The driver for lcomp (actually, bb) is a lex program which matches the
instruction field of a compiler's assembly output.  General machine
code for most architectures would be very hard to write basic block
counting code for, as many things that one wants to be able to find are
hard to identify (for example, can one tell the difference
between a normal label and the start of a functions).  Therefore, the
driver for most machines will have to take advantage of the idiosyncratic
nature of compiler output.

The included drivers both are based on the output from the Portable C
Compiler (PCC).  68020.l was written for the Sun 3;  it has been tested
with SunOS 3.3 throught 3.5.  vax.l is for Digital Vaxen;  it has been
tested on BSD 4.3 and Ultrix 2.0.  I have not tried using either with
(and assume they will break on) the output of the GNU C compiler, but I
am sure it would not take long to port from a PCC version to a GNU
version.  It would be very difficult to port this code to work with a
compiler that directly generates object code with no provision for
creating assembler source.  Sorry.

My approach for writing a new driver is to start with one of the
existing drivers included in this package and modify it appropriately.
A good way to become familiar with one of these drivers is to examine
some compiler output for a vax or a sun and compare it with the output
of bb for that machine.  Reasonable knowledge of the machine you are
working on and it's function call/return protocol is useful if not
necessary for porting the driver.

The driver reads one file (a .s file generated by the compiler) and
generates two (a .s file with block counting code and a .sL file which
maps basic blocks to line numbers).  The generated code, when executed,
appends to a file called prof.out which contains a counter for each
basic block.  (The -r option to lcomp and lprint picks a name other
than prof.out.  Using an absolute path name can be extremely useful for
profiling a program that is run from a public bin directory, so that
users don't get a prof.out file every time they run the program, and
the developer of the program can get useful profiling data.)
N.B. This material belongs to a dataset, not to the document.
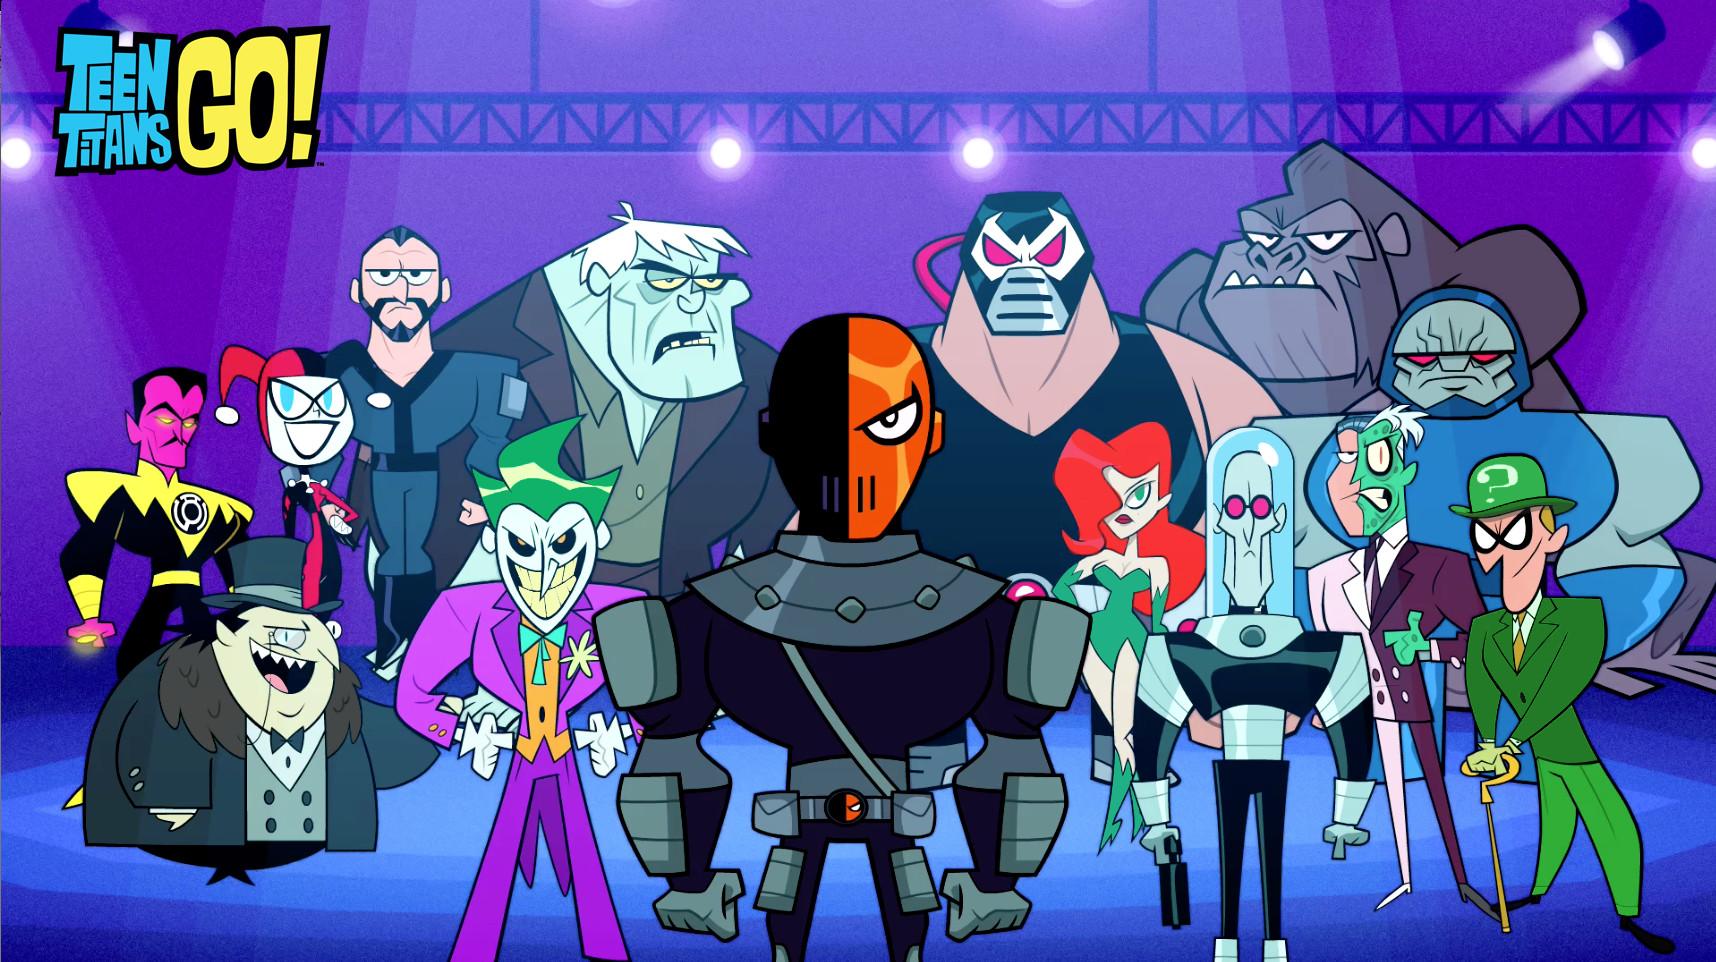 Artstation - Dc Villains Screenshot - Teen Titans Go -5664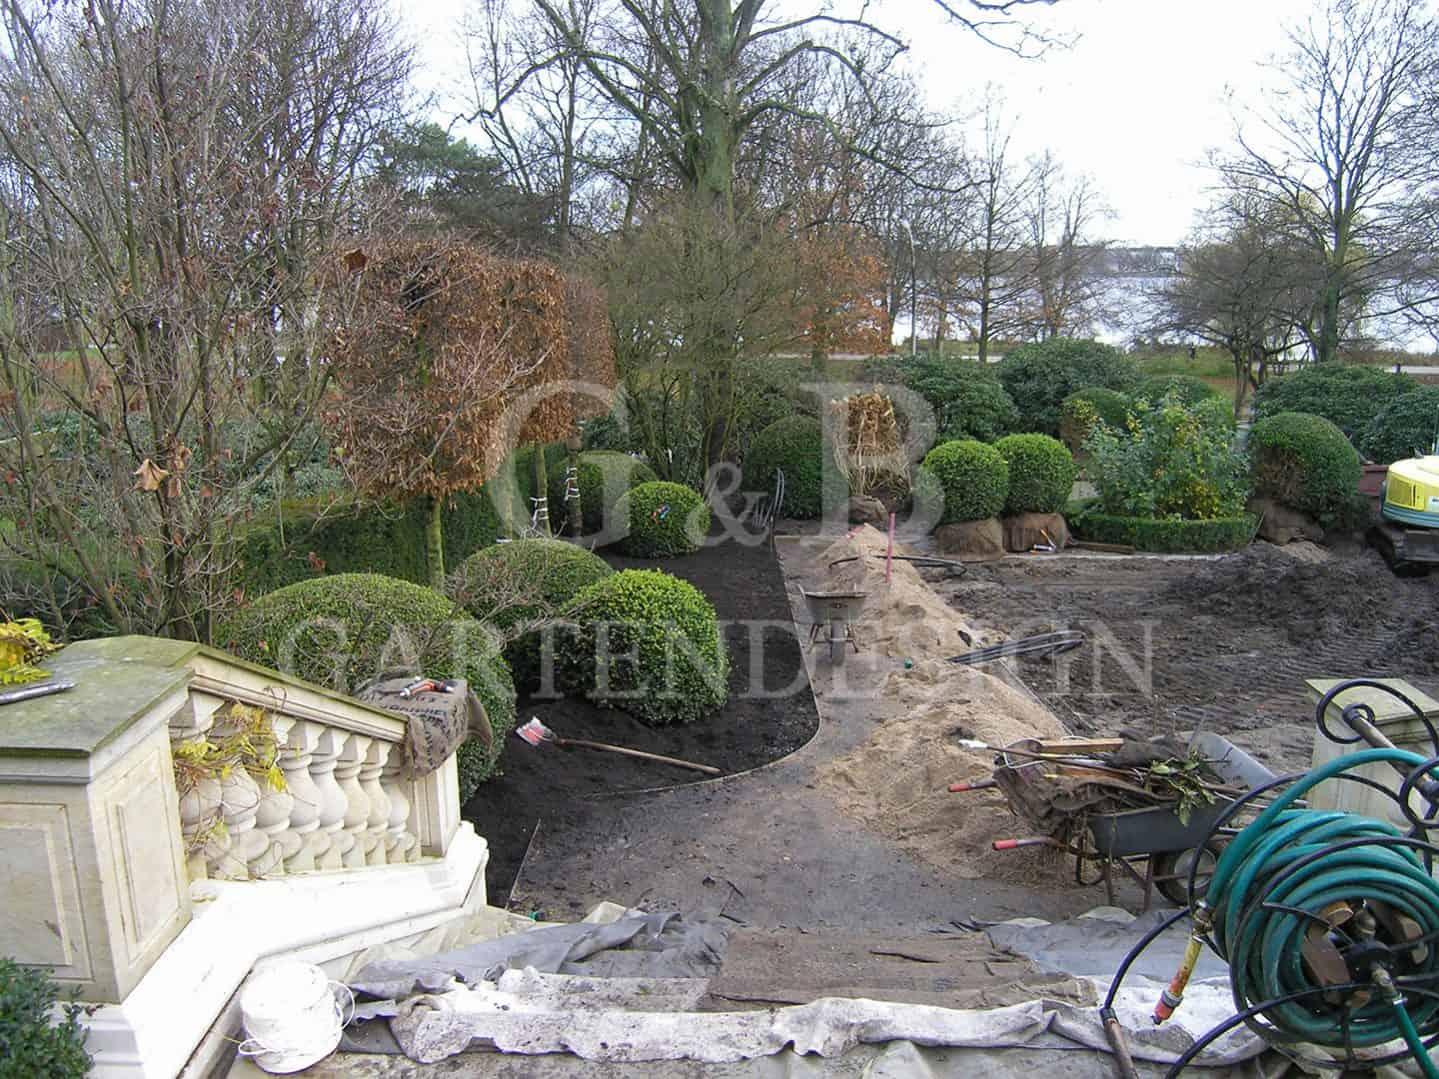 gartenbau landschaftsbau lanschaftsgärtner

The prof.out file is a series of entries of the form
	<.sL file> <n>
	<count for block 0>
	<count for block 1>
	.
	.
	.
	<count for block n-1>
One such entry is written for each file compiled with lcomp.

A .sL file has two parts.  The first part is a set of n (obtained from
prof.out) lines, one per basic block, each with four whitespace
separated records, containing the sourcefile name (these should all be
the same in any one .sL if one does not make too creative use of the C
preprocessor), first line of the basic block, last line of the block,
and number of instructions in the block.  This section is followed by a
line of the form "<m> functions", followed by m lines, one for each
function in the compilation unit (source file).  Each function line is
the name of the function and its first basic block.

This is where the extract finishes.